> _EXERCISE_
When you reach a picture, pass over it; otherwise repeat the listing word for word.

***** PROVIDED MATERIAL

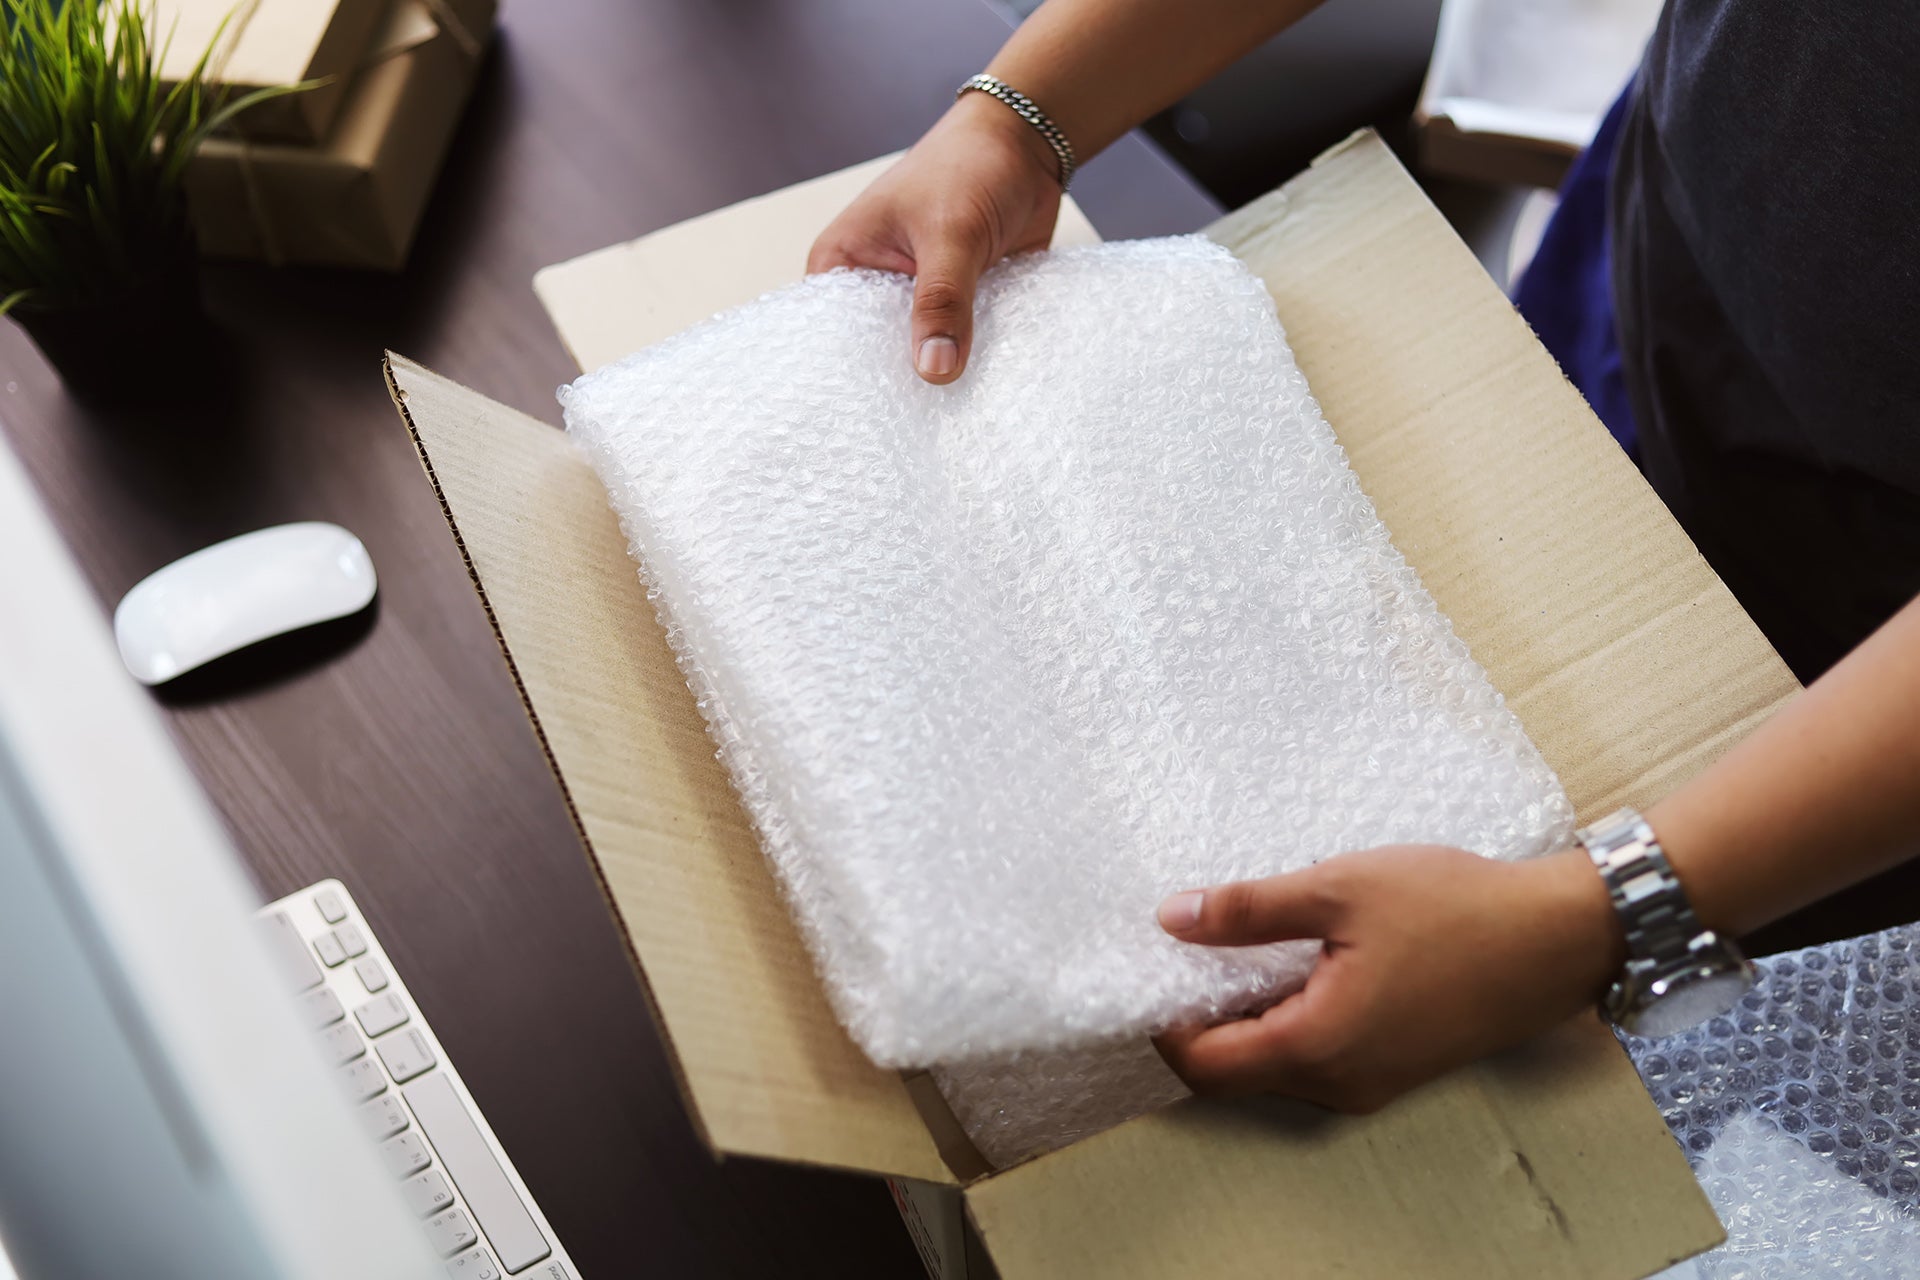 Bubble Wrap - STOCK PACKAGING PROS
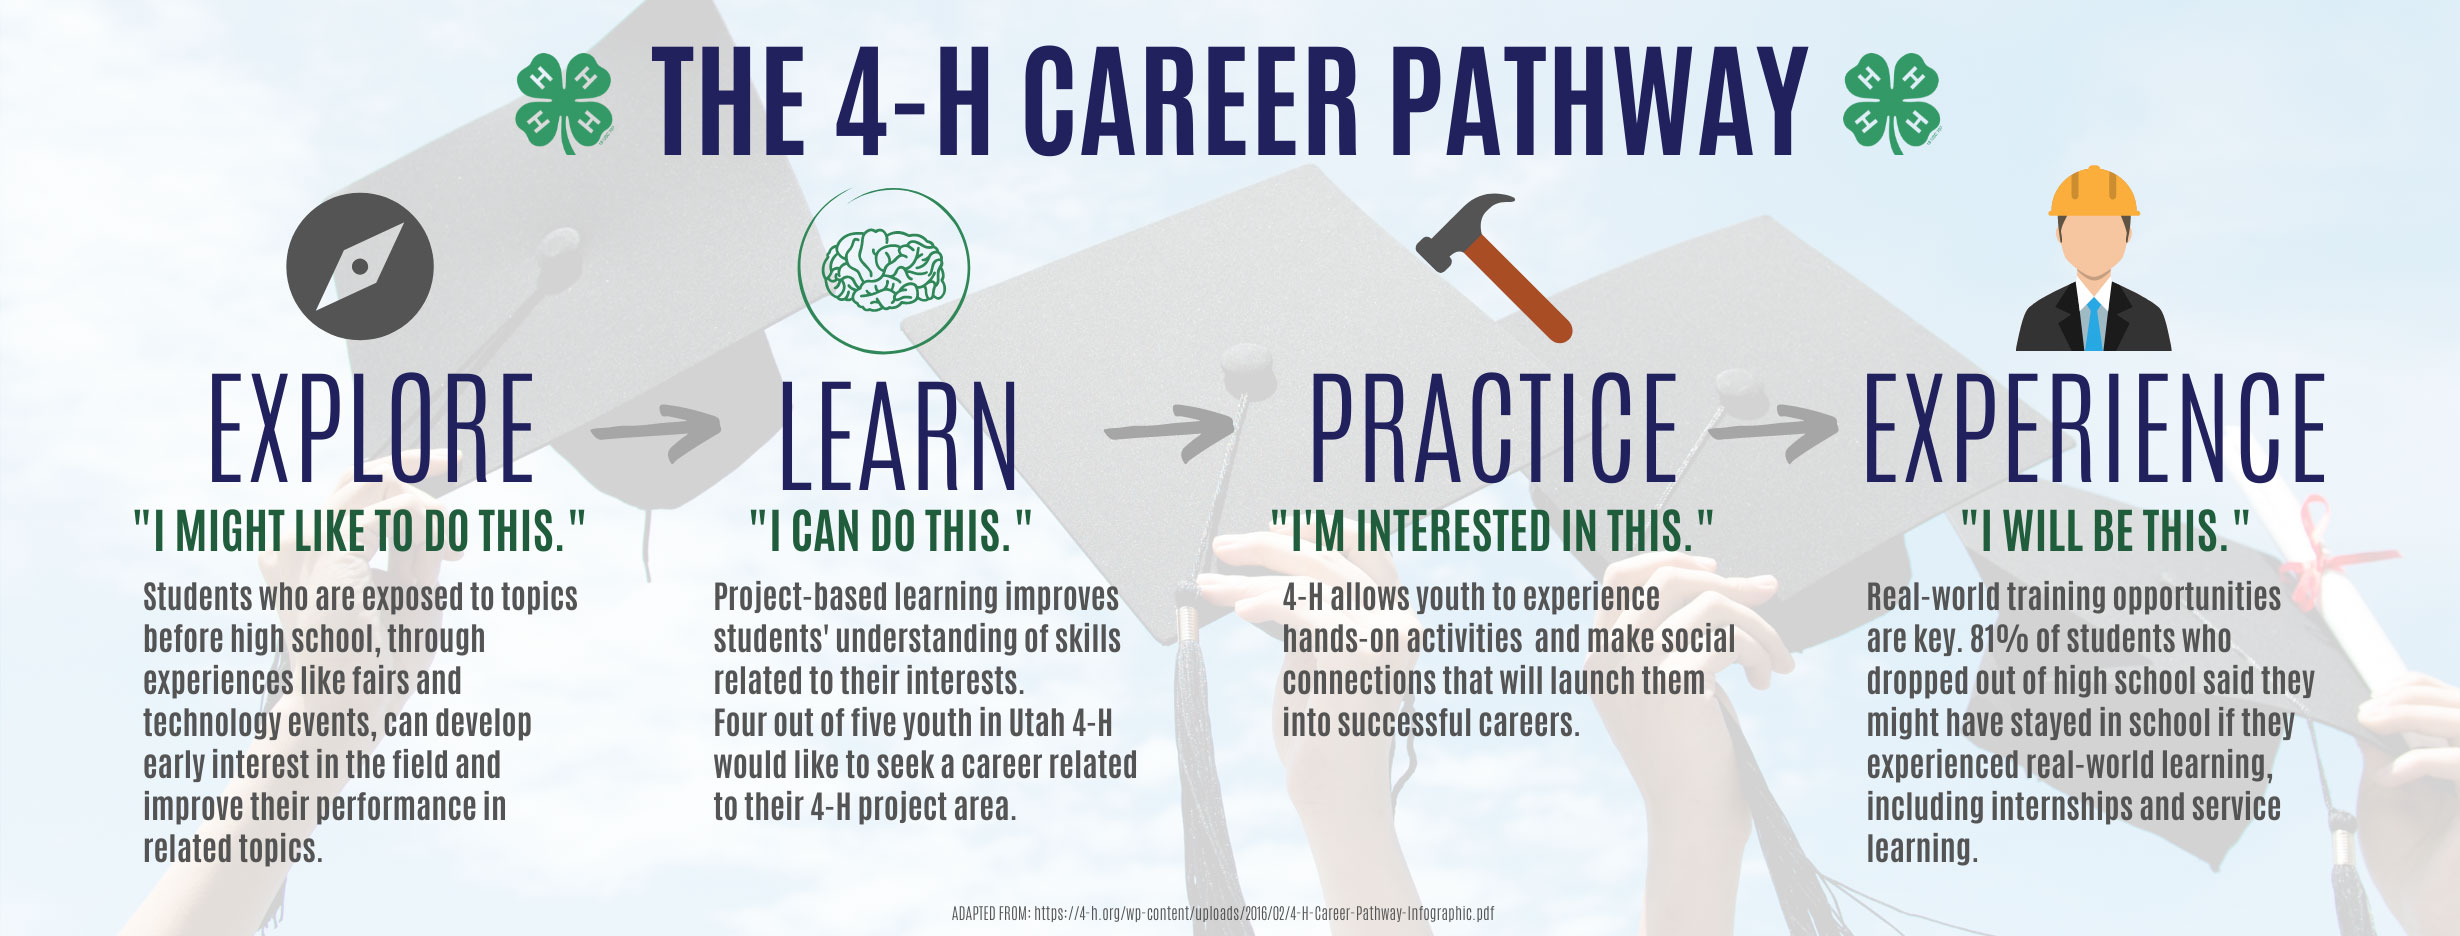 The 4-H Career Pathway
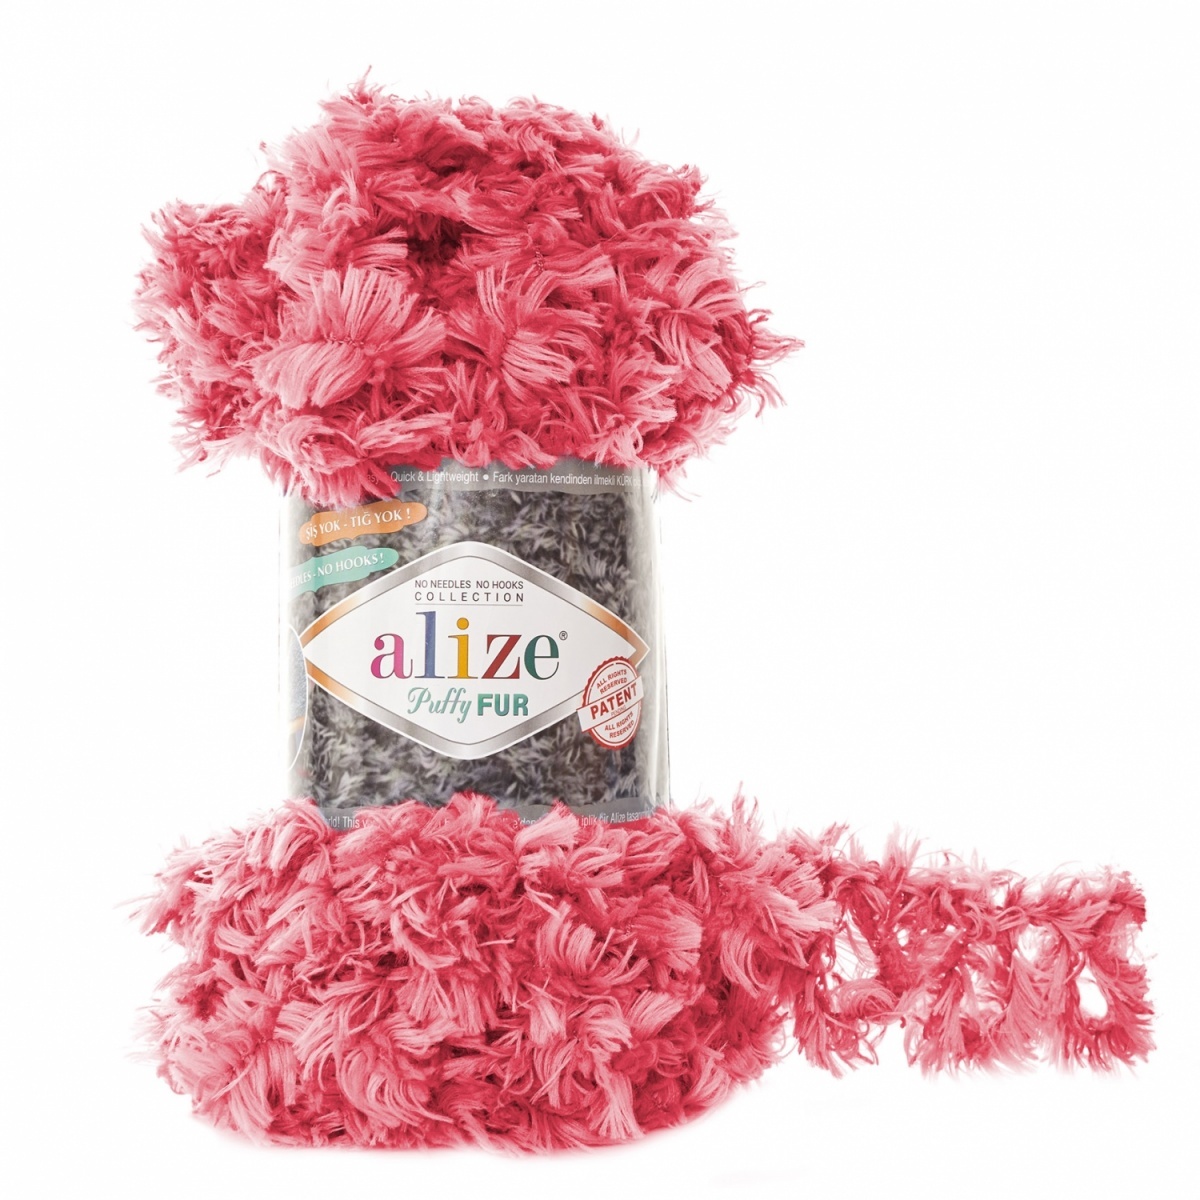 Alize Puffy Fur, 100% Polyester 5 Skein Value Pack, 500g фото 12

**********

> _SOLUTION BELOW_
 Bubble Wrap - STOCK PACKAGING PROS
 The 4-H Career Pathway
 Alize Puffy Fur, 100% Polyester 5 Skein Value Pack, 500g фото 12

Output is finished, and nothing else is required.